DATA BELOW -
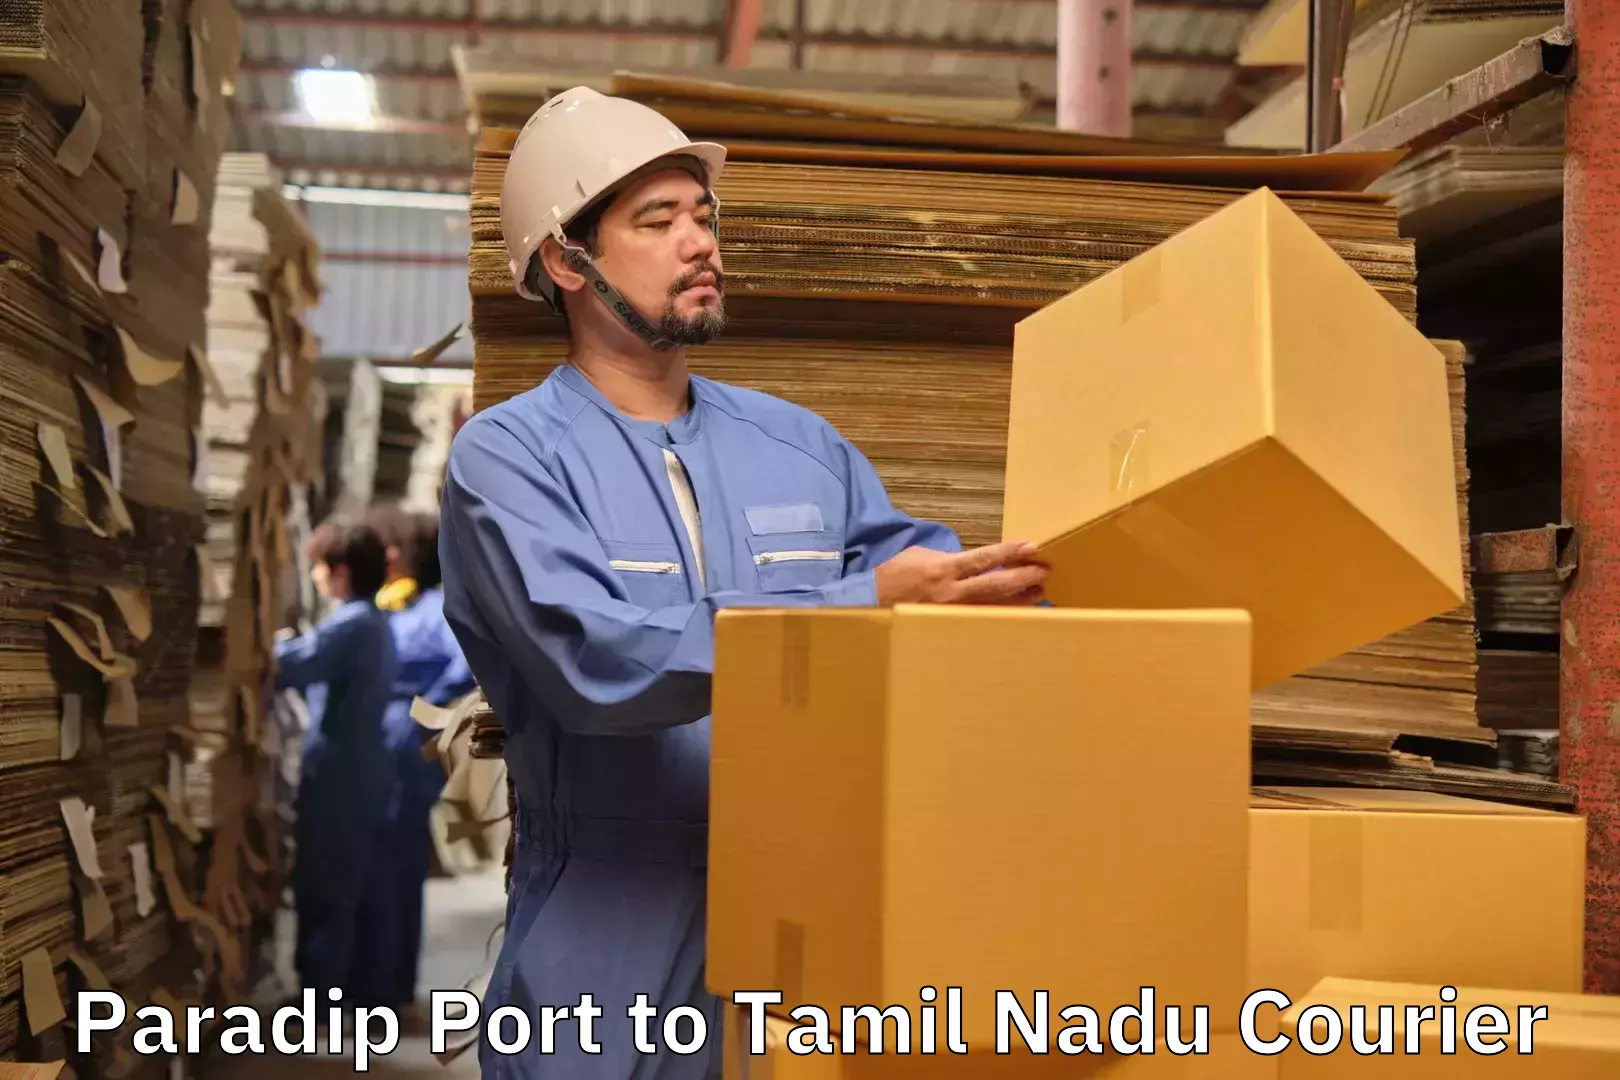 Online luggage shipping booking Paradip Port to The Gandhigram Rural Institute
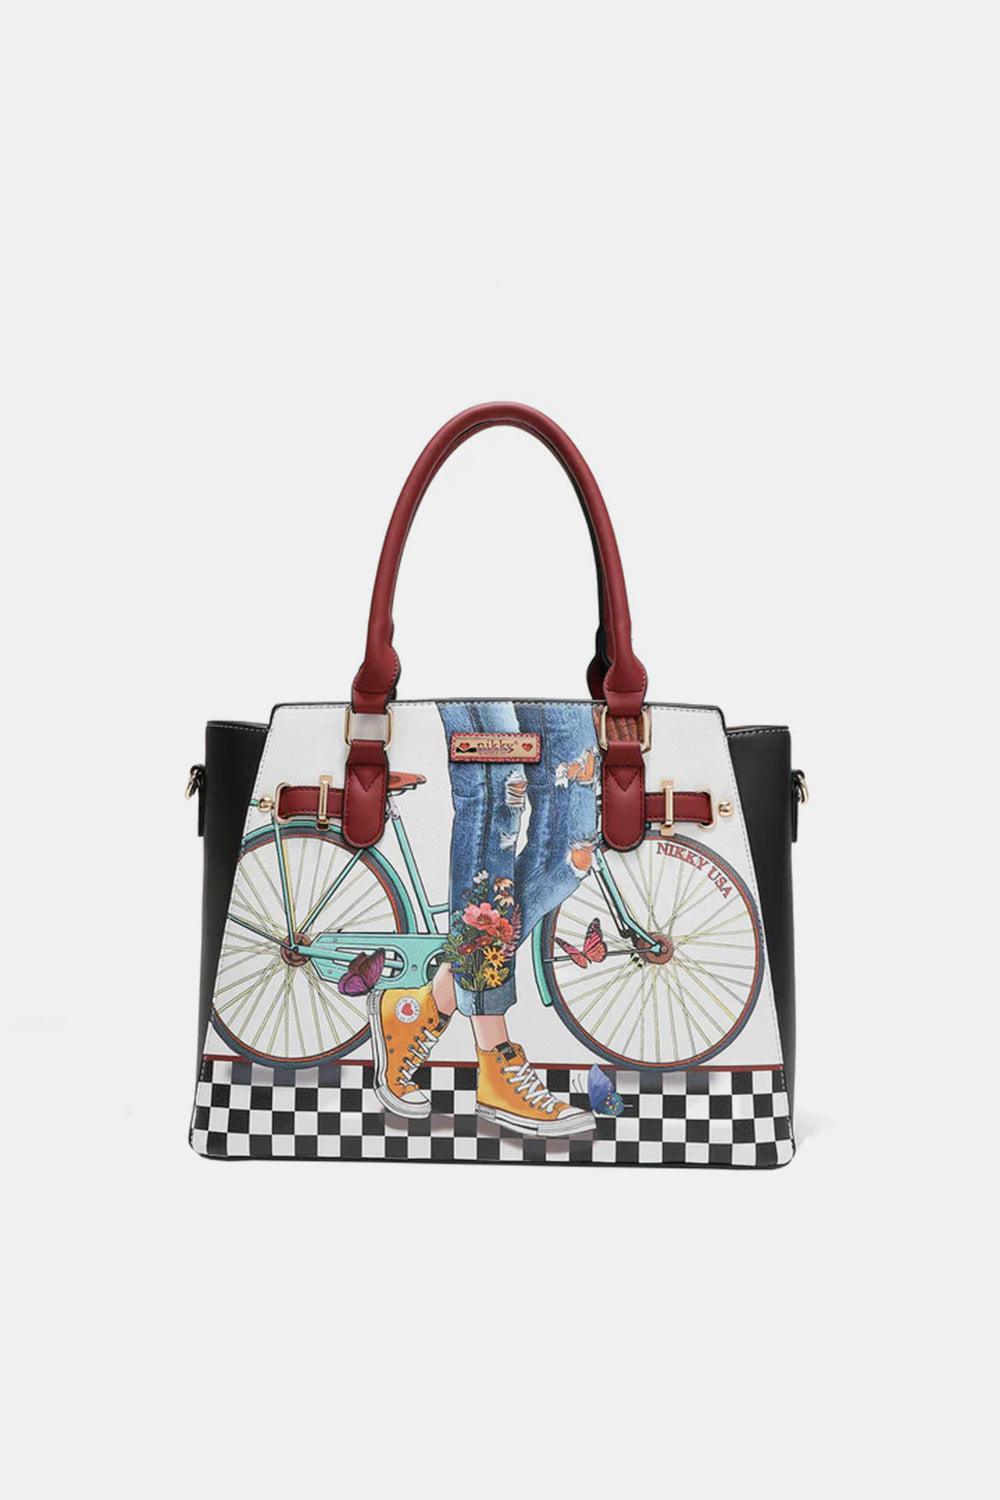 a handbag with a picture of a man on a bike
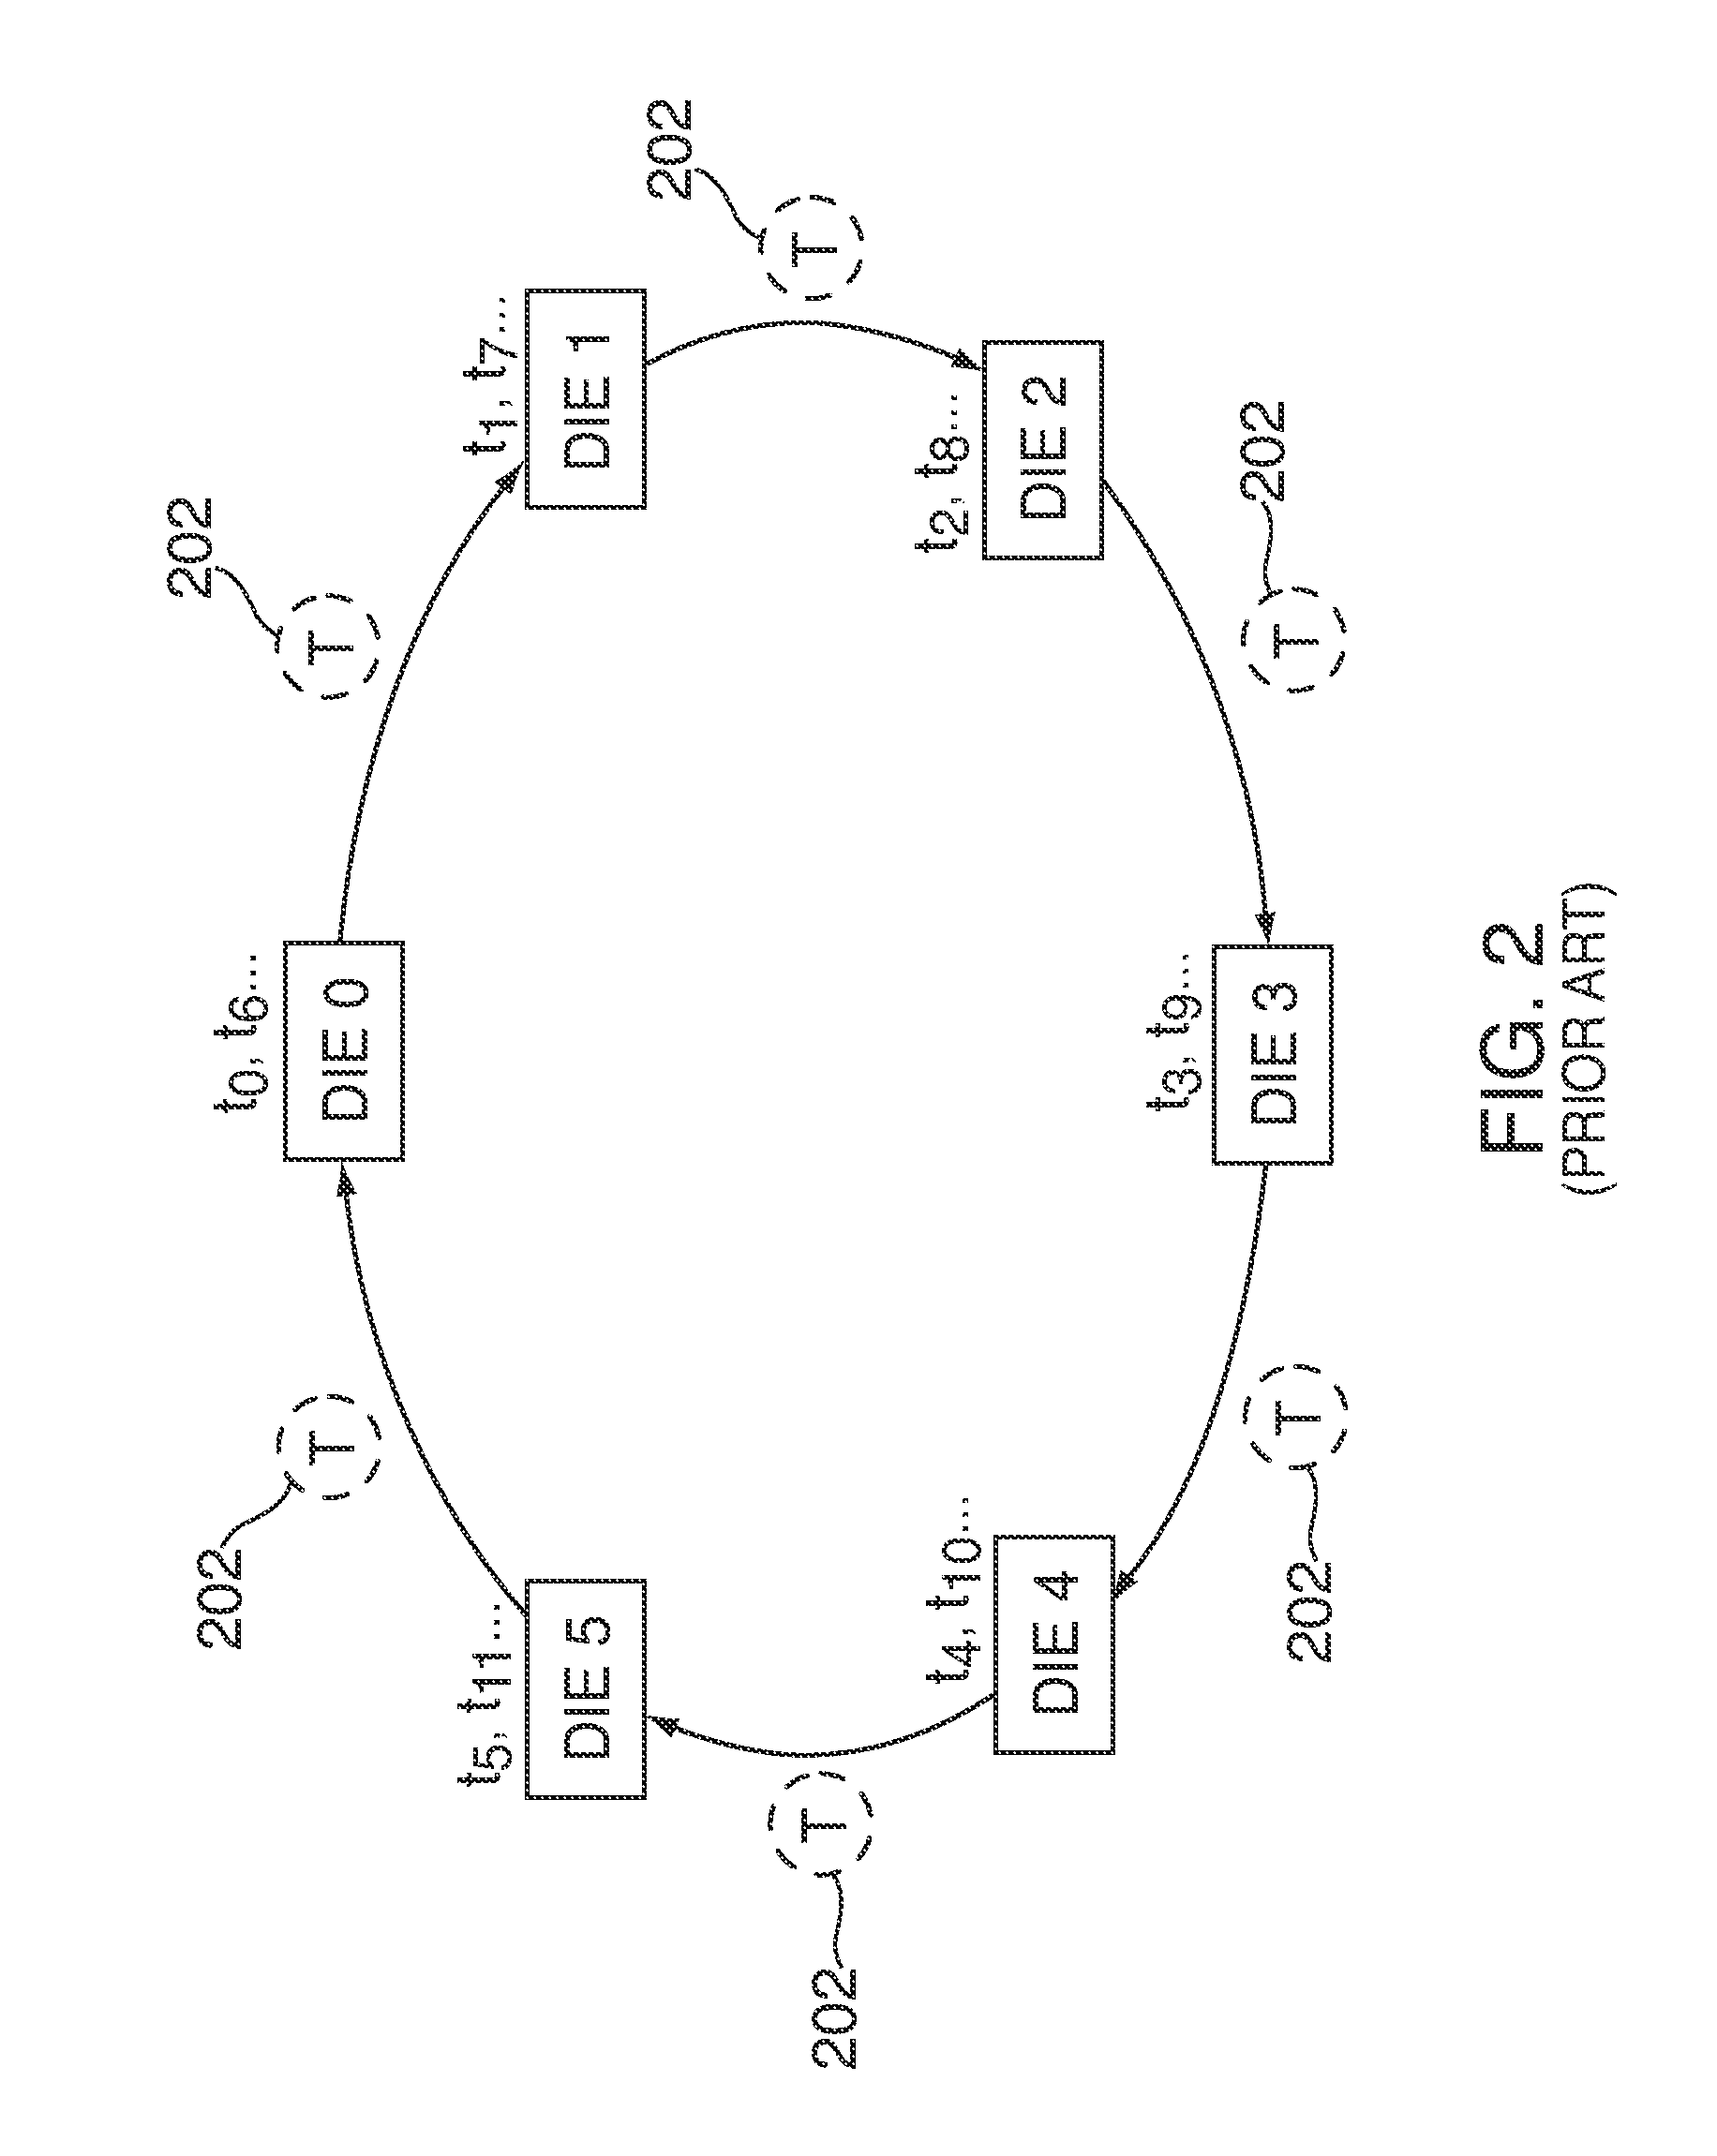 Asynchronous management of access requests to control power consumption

YOUR INSTRUCTIONS - Beginning at the line with "a handbag with a picture of a man on a bike" and ending at the last line of the listing above, retype each line exactly, including those two lines. Leave the pictures out.

YOUR RESPONSE -
 a handbag with a picture of a man on a bike
 Asynchronous management of access requests to control power consumption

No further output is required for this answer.